Hello from what you say you only need to load gene
column to count by gene
. For big data frame I would also direct you to data.table
package that will be more efficient in reading from CSV and processing. If gene names are strings then loading them as factor
(which are stored as integers) will further reduce memory footprint
library(data.table)
# fread is data.table's read.table. It is also smart in detecting
# separators otherwise you can still provide them as parameters
dt <- fread("yourfile.txt", select="gene", stringAsFactors=TRUE)
# here we group by "gene" values and compute for each group the
# count (using .N pseudo variable)
# the empty comma at the beginning means that we want all lines
count_by_gene <- dt[, by="gene", list(count = .N)]

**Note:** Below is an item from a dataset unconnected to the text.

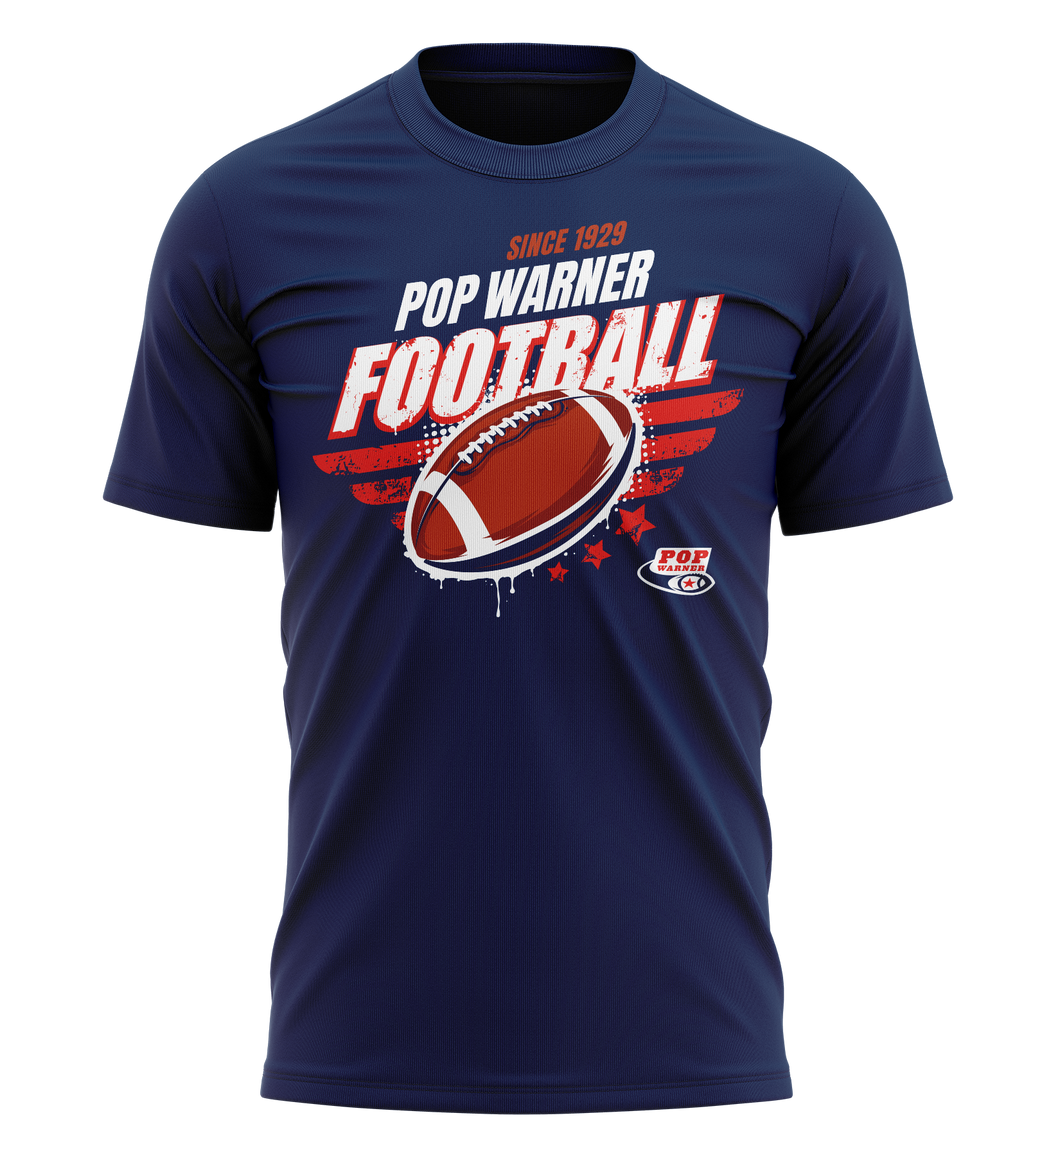 Pop Warner Football T-Shirt Since 1929

If it is still to big, provided that you can split the file in several chunks using for example hints from Split CSV files into smaller files but keeping the headers? as it seems you are using linux, then you can merge the results with following code
file_parts <- c("fic1.txt", "fic2.txt", .... )
# compute counts for each part
parts_counts <- lapply(file_parts, function(file) {
dt <- fread(file, select="gene", stringAsFactors=TRUE)

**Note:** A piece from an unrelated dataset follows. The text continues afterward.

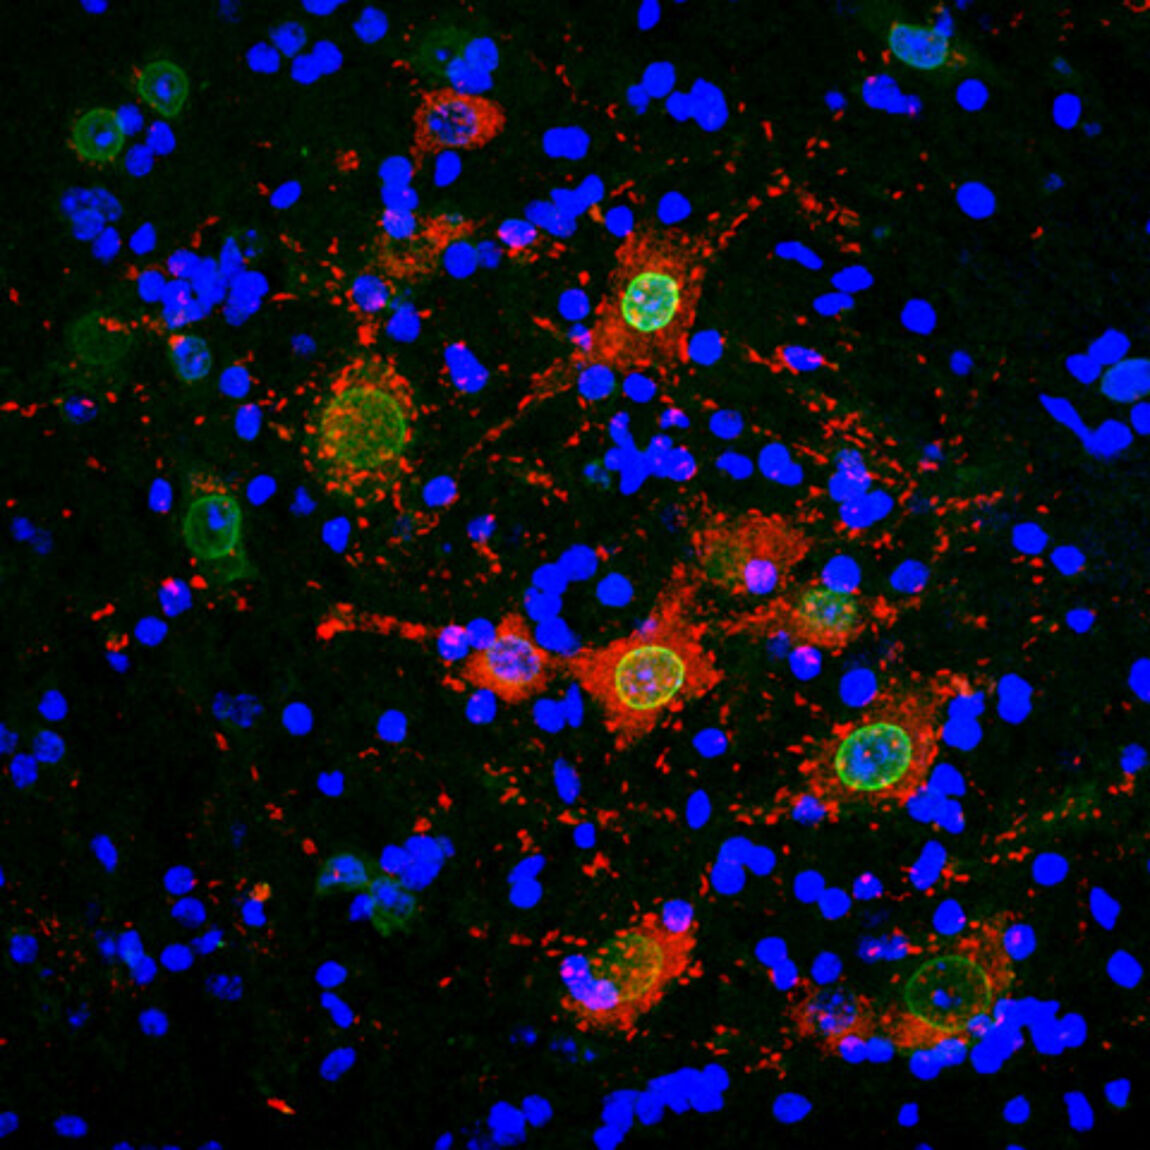 Image d'immunofluorescence dans la moëlle épinière d'une souris SLA. Crédit Sylvie Grosch

dt[, by="gene", list(count = .N)]
})
# merge part counts in a single table
merged_parts_counts <- rbindlist(parts_counts)
# then total count is sum of part counts
gene_counts <- merged_parts_counts[, by="gene", list(count=sum(count))]
It would also be worth having a look at package hdd
(Easy Manipulation of Out of Memory Data Sets) that looks like what you are looking for.